Security Audit vs Operation Audit?

Philip_Colmer · June 7, 2024, 10:19am

The pricing page says that the Freemium option, during Beta Period Only, comprises up to 25 full security audits & scans per month, and up to 100 operation audits & scans per month.

The VS Code extension only seems to provide the full security audit, and editing a file to try and fix issues very quickly results in line number disparities (i.e. where an error was identified has now moved and it can be tricky to find it again).

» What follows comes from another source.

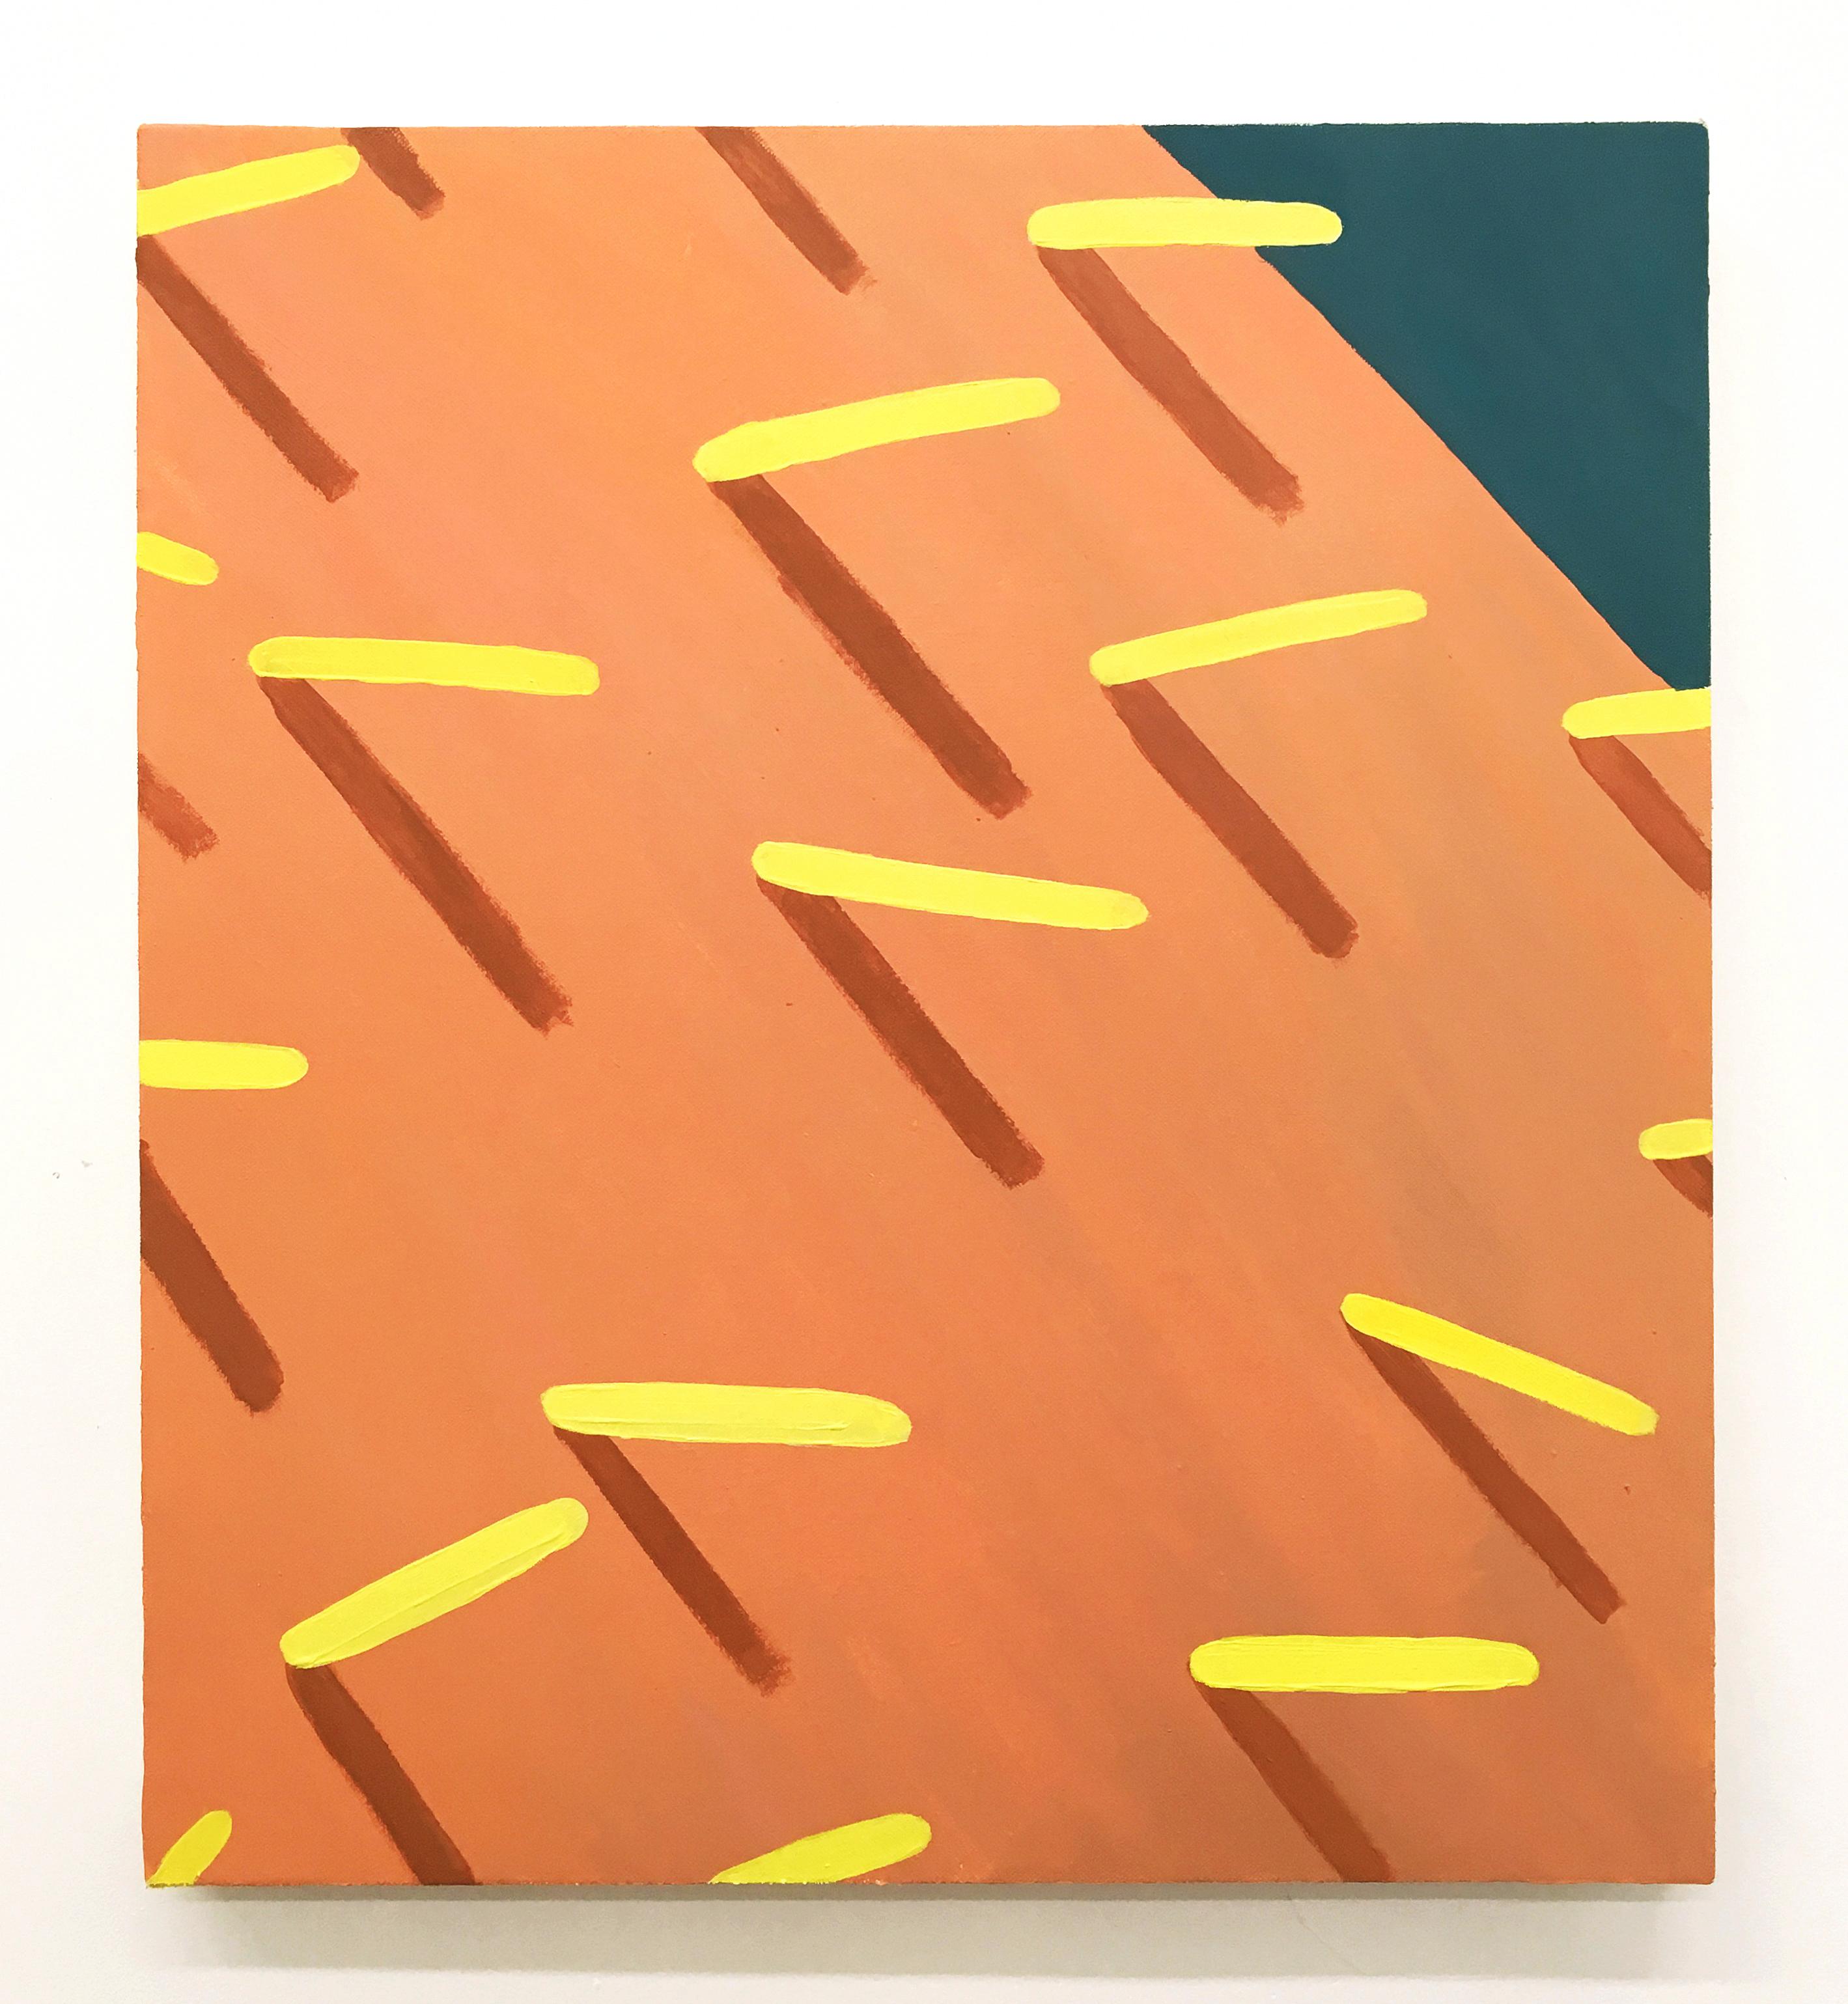 Corydon Cowansage, Grass #80, 2018, 20 x 18 inches, acrylic on canvas

The solution to the line number disparities is to, of course, run another scan … but 25 full security audit scans gets used up very quickly that way.

I’m not try to abuse the freemium model … but I’m not sure if we at yet in a position to justify the Teams model or higher.

Is there a way to trigger an operation audit from VS Code, or to run something locally?

Anthony · June 7, 2024, 11:21am

@Philip_Colmer
Yes certainly the VSCode extension supports running Audit on individual operations.

If you’re setup correctly, you should see the code lens for Audit (and Scan) directly in the OpenAPI file under each operation:

Philip_Colmer · June 10, 2024, 7:43am

Ah … so you can’t Audit the whole file, just individual operations? (Just double-checking for clarification).

Anthony · June 10, 2024, 9:29am

You can also run Audit on the whole file (“full security audits”).

Use either the Code Lens at the very top of the OpenAPI file, or the purple ‘42C’ button on the top right (by default).